Local governments in Virginia say they can handle the stresses and strains of growth: just give them the power to ban growth where roads and schools are crowded. Sounds reasonable. Until you look at what’s happening in Maryland’s Washington suburbs.
That’s what Alec MacGillis with the Washington Post has done. And the results aren’t always pretty. Writes MacGillis:
Here is what that method has accomplished in Anne Arundel County: More than one-third of its school districts are closed to new subdivisions, even in areas intended to absorb construction under the state’s much-touted “slow-growth” laws. As a result, development is being pushed to more rural parts of the state less suited to handle it.
The shortcomings of Maryland’s growth policies are just one sign of what frustrated officials are finding in both [Maryland and Virginia] — that controlling development is not as easy as just saying no. Three months after voters in the D.C. suburbs elected candidates who vowed to slow growth, reform proposals are floundering amid political inertia and resistance from developers.
If you halt growth here, it will move over there. The trouble is, “there” is usually some outlying district or county farther from the center-weighted location of jobs in the metropolitan area. Stopping growth might alleviate localized congestion — temporarily — but it makes regional congestion worse. As people move farther from the core in search of housing, they clog the Interstates and freeways for greater distances, putting even greater strain on the transportation system than they would otherwise.

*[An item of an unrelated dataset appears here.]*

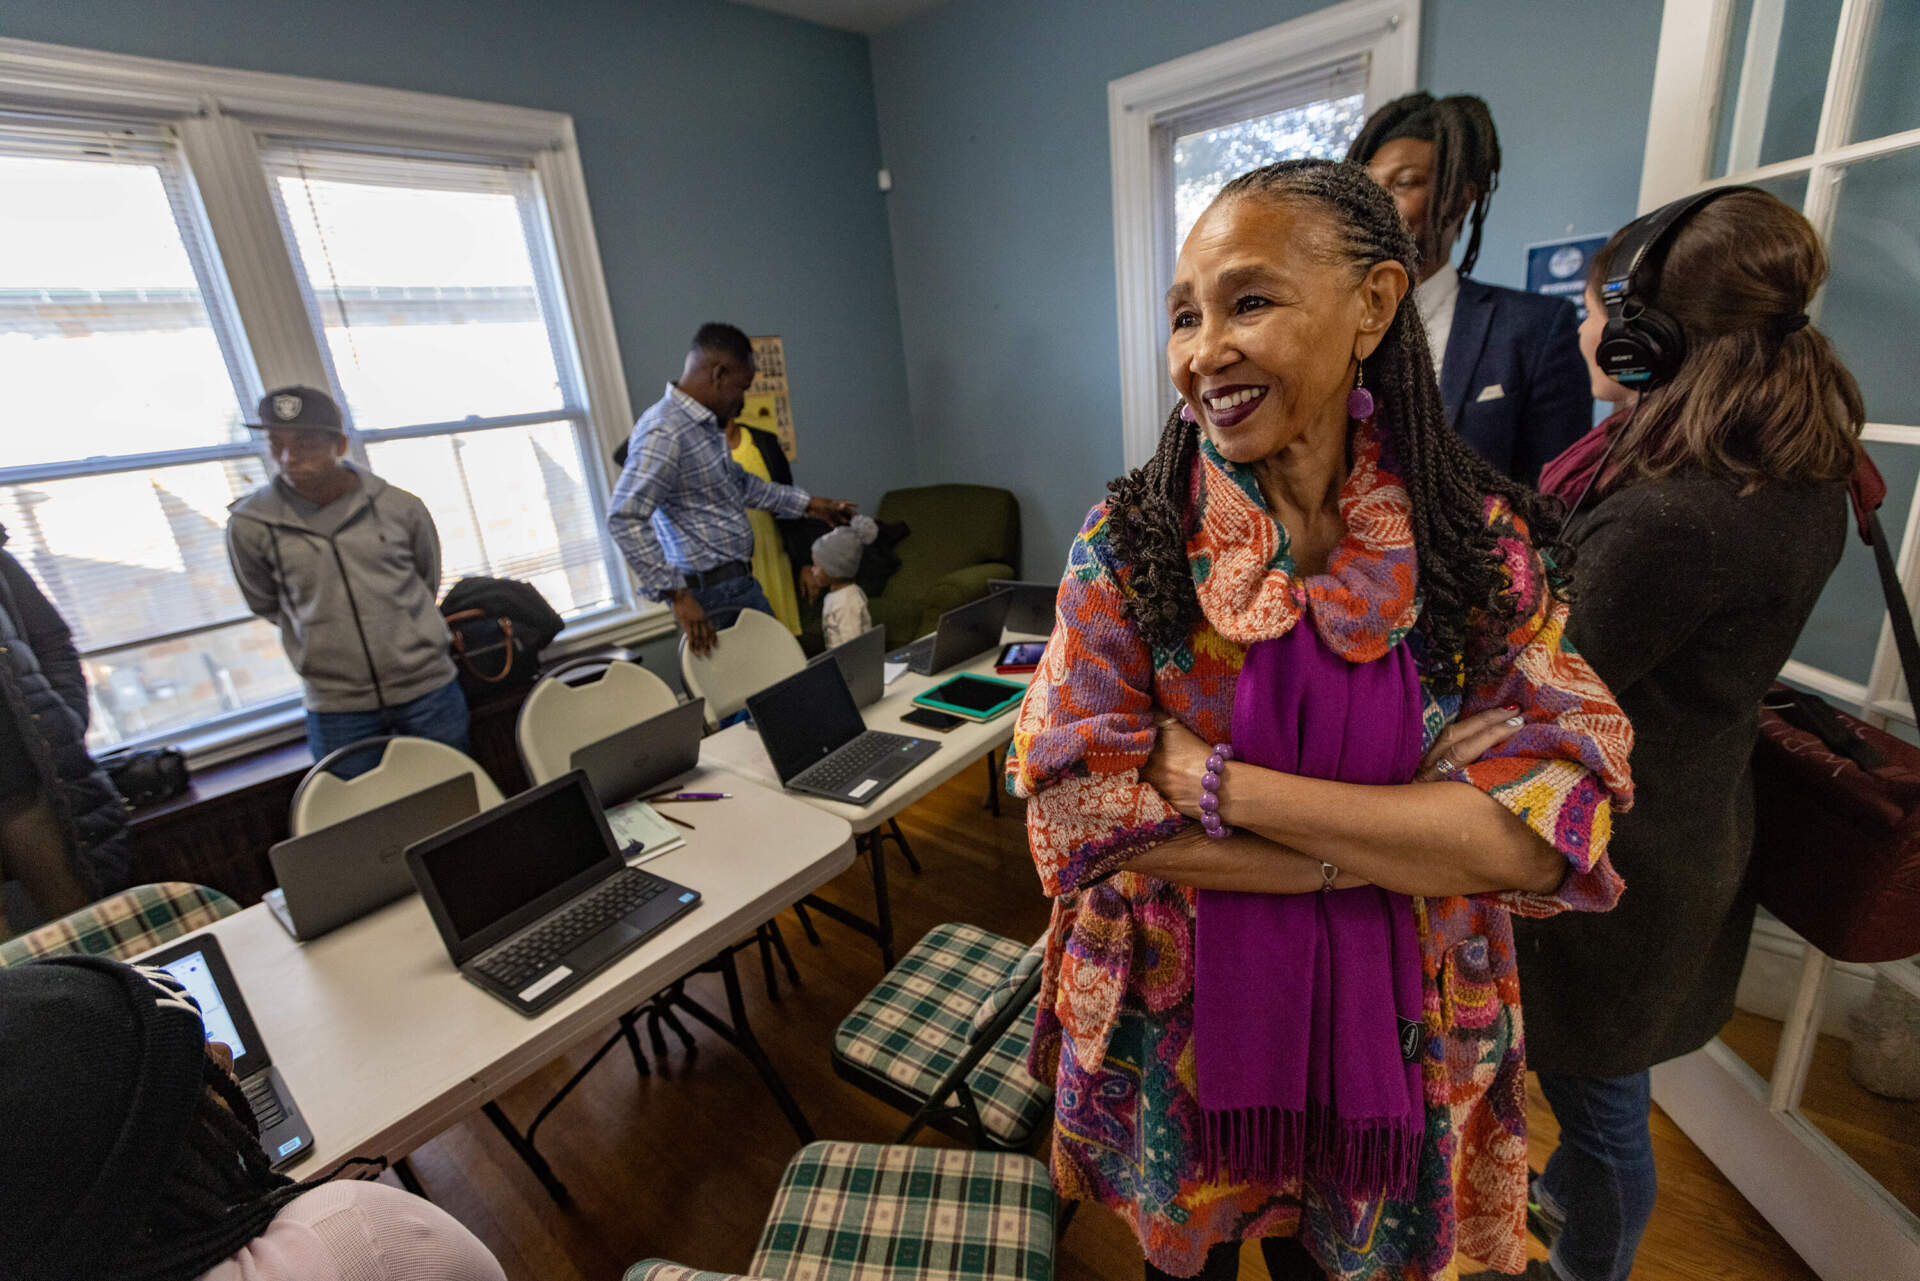 Pastor Gloria White-Hammond smiles as she watches the eight families the church has taken in congregate in the community room. (Jesse Costa/WBUR)

Blocking development in the fast-growth counties could conceivably avoid this problem if there were more in-fill and re-development projects closer to the urban core. But rampant NIMBYism in established neighborhoods, buttressed by local zoning codes and comprehensive plans, limits the number of such new projects to a trickle. The solution to Virginia’s infrastructure woes is not giving fast-growth governments more power to abuse. It’s re-restructuring our governance systems, tax codes and zoning codes.